Une bonne pratique consiste à traiter les deux exigences séparément : le TOEIC pour le diplôme et le marché du travail français, le test académique pour la candidature internationale, avec un calendrier qui ne les fait pas tomber le même mois.
Questions fréquentes
Un score de 750 suffit-il pour obtenir mon diplôme ?
Cela dépend uniquement du règlement des études de votre école. Le référentiel CTI demande un B2, qui commence à 785 sur le TOEIC Listening and Reading. Certains cursus retiennent malgré tout un seuil inférieur, d’autres exigent davantage : c’est votre école qui fait foi.

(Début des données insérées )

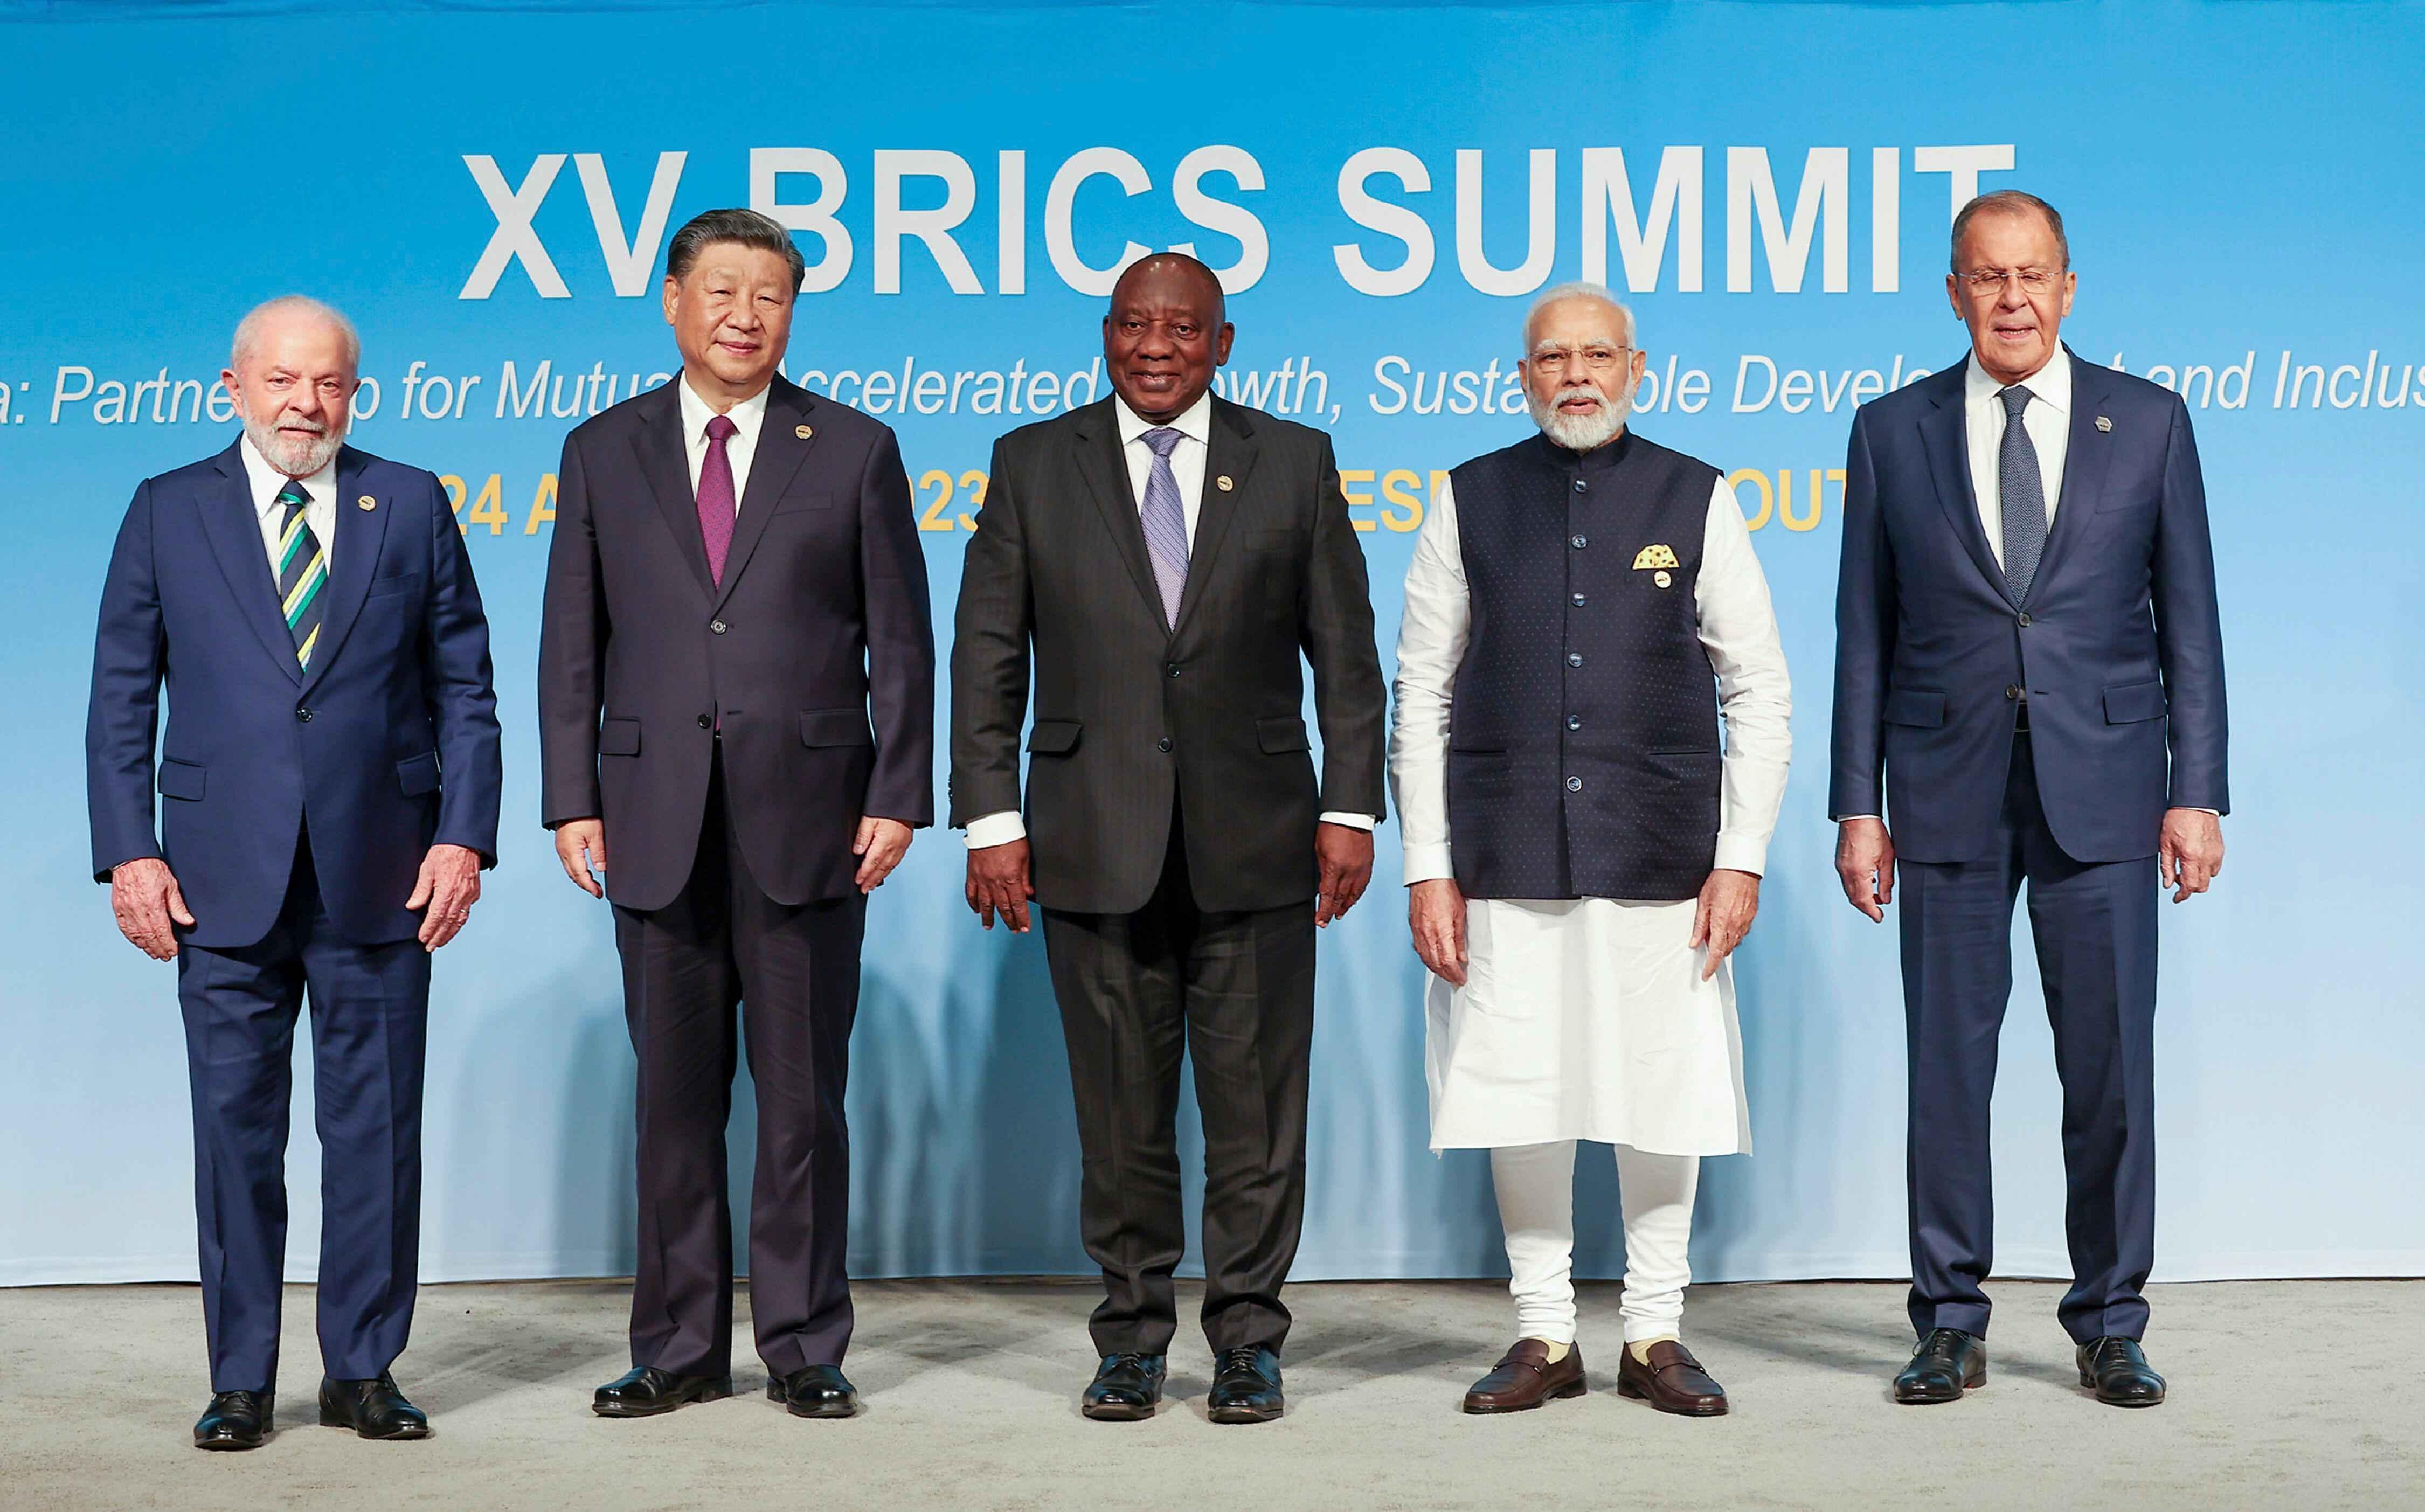 Çin temaslarında gündeme geldi: Türkiye BRICS'e katılacak mı?

Le TOEIC peut-il attester un niveau C2 ?
Non. Le TOEIC Listening and Reading plafonne au C1, atteint à partir de 945 points. Aucun score, même 990, ne certifie un C2.

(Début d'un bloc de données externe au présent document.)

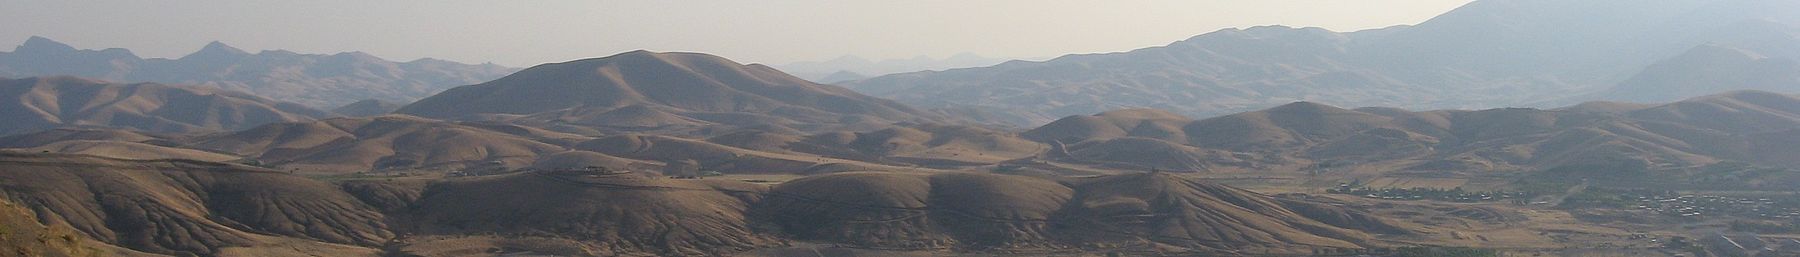 WV बैनर कुर्दिस्तान प्रांत सानंदाज के आसपास पर्वत.jpg

Combien de fois peut-on passer le test ?
Autant de fois que nécessaire, dans la limite des sessions disponibles et du délai imposé entre deux passages. Seul le résultat que vous transmettez compte pour votre dossier : un score inférieur obtenu précédemment n’apparaît pas.
Combien de temps faut-il pour gagner 100 points ?
Comptez deux à trois mois de travail régulier pour une progression de cet ordre, davantage à mesure que le score initial est élevé : passer de 600 à 700 est nettement plus rapide que de 850 à 950. Le facteur décisif est la régularité, pas le volume total d’heures.
Valider le seuil de votre école, du premier coup
Prépa TOEIC prépare des élèves ingénieurs qui ont un seuil à atteindre et peu de temps pour le faire. Diagnostic par partie, plan de travail calé sur votre emploi du temps, entraînement en conditions réelles. Garantie Étoile incluse.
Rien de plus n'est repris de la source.